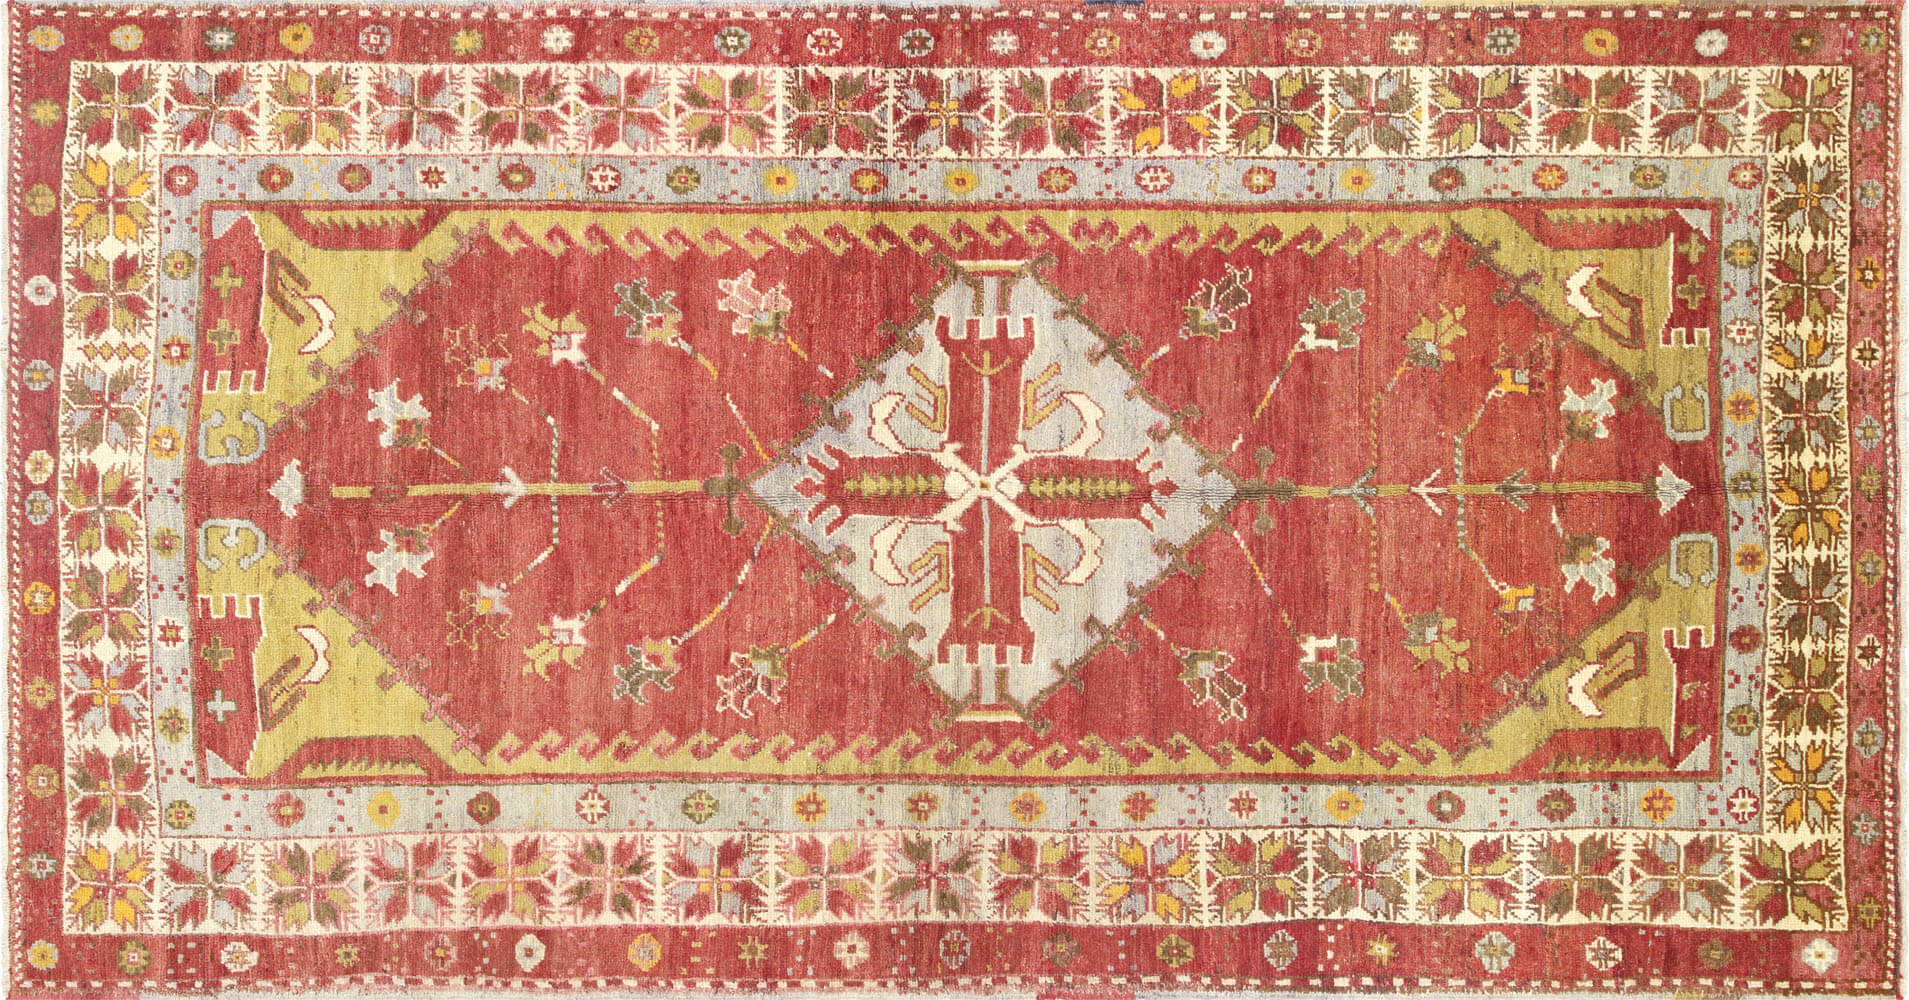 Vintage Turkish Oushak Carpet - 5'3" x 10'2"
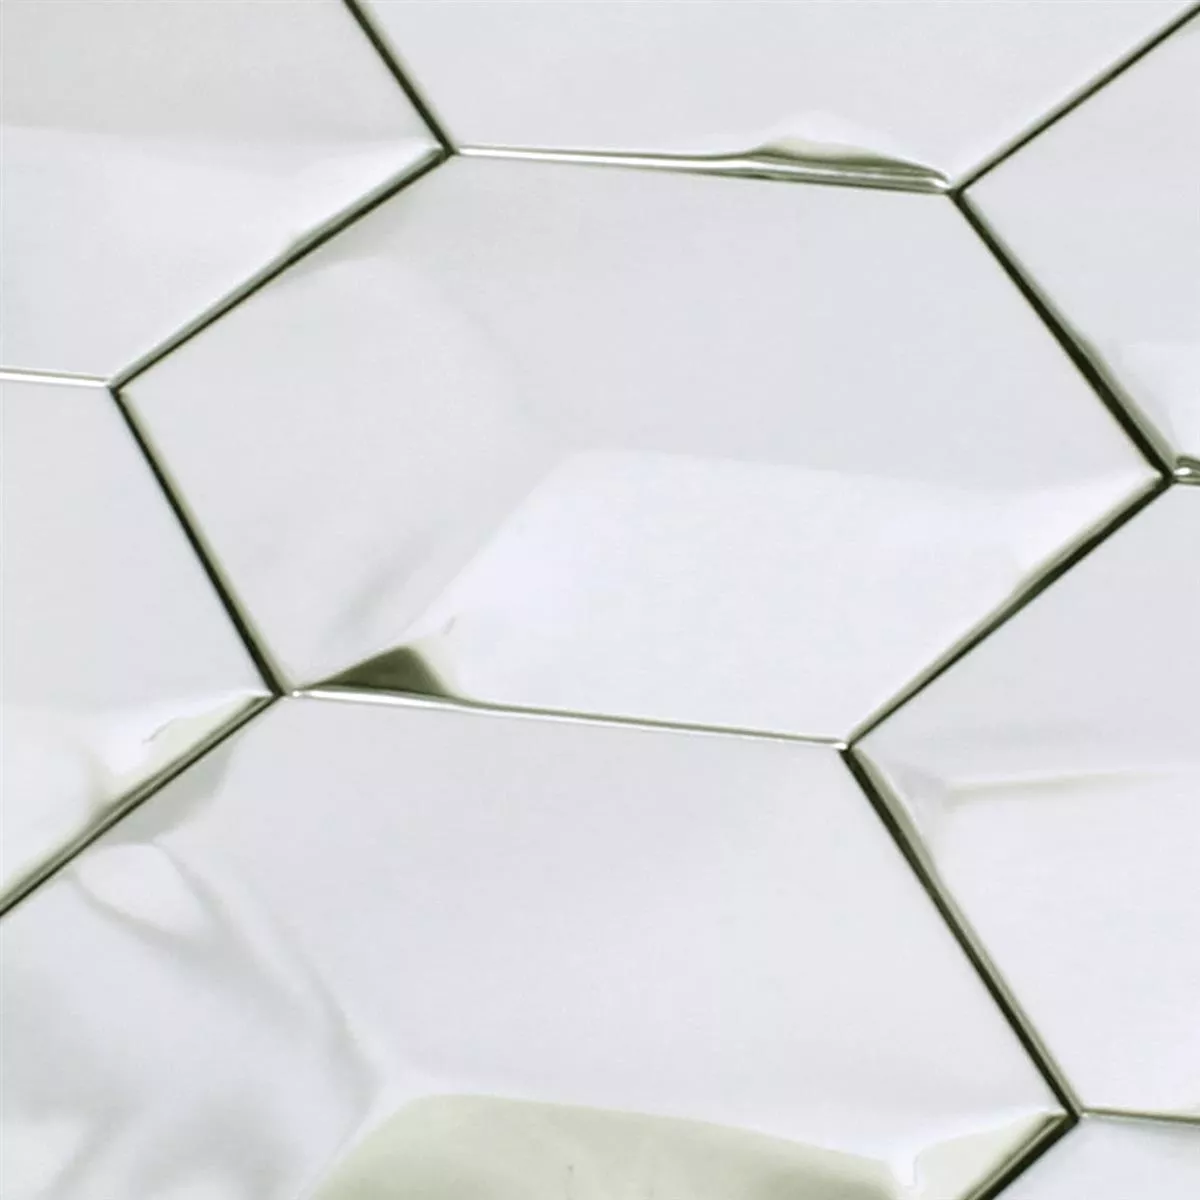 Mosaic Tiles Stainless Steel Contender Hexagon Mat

★ ★ ★

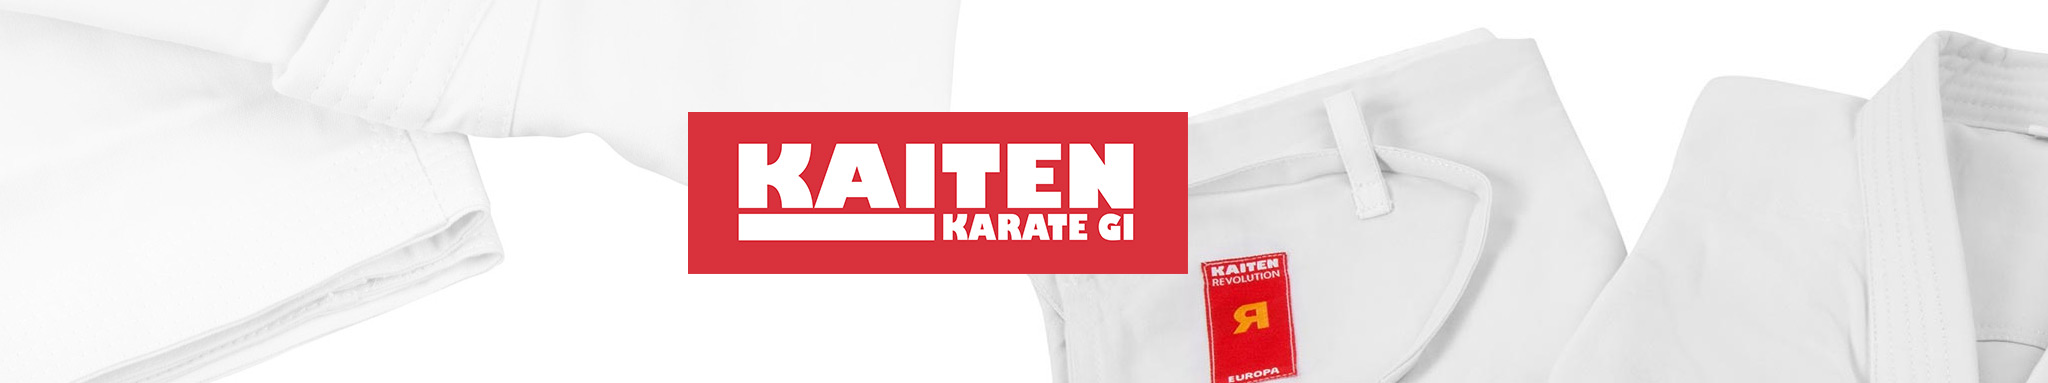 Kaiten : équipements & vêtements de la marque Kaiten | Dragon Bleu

★ ★ ★

**TASK DIRECTIONS:**
Each line above from the one containing "Vintage Turkish Oushak" through the one containing "Mosaic Tiles Stainless" is to be returned verbatim. Nothing else, and no pictures.

**YOUR SOLUTION:**
 Vintage Turkish Oushak Carpet - 5'3" x 10'2"
 Mosaic Tiles Stainless Steel Contender Hexagon Mat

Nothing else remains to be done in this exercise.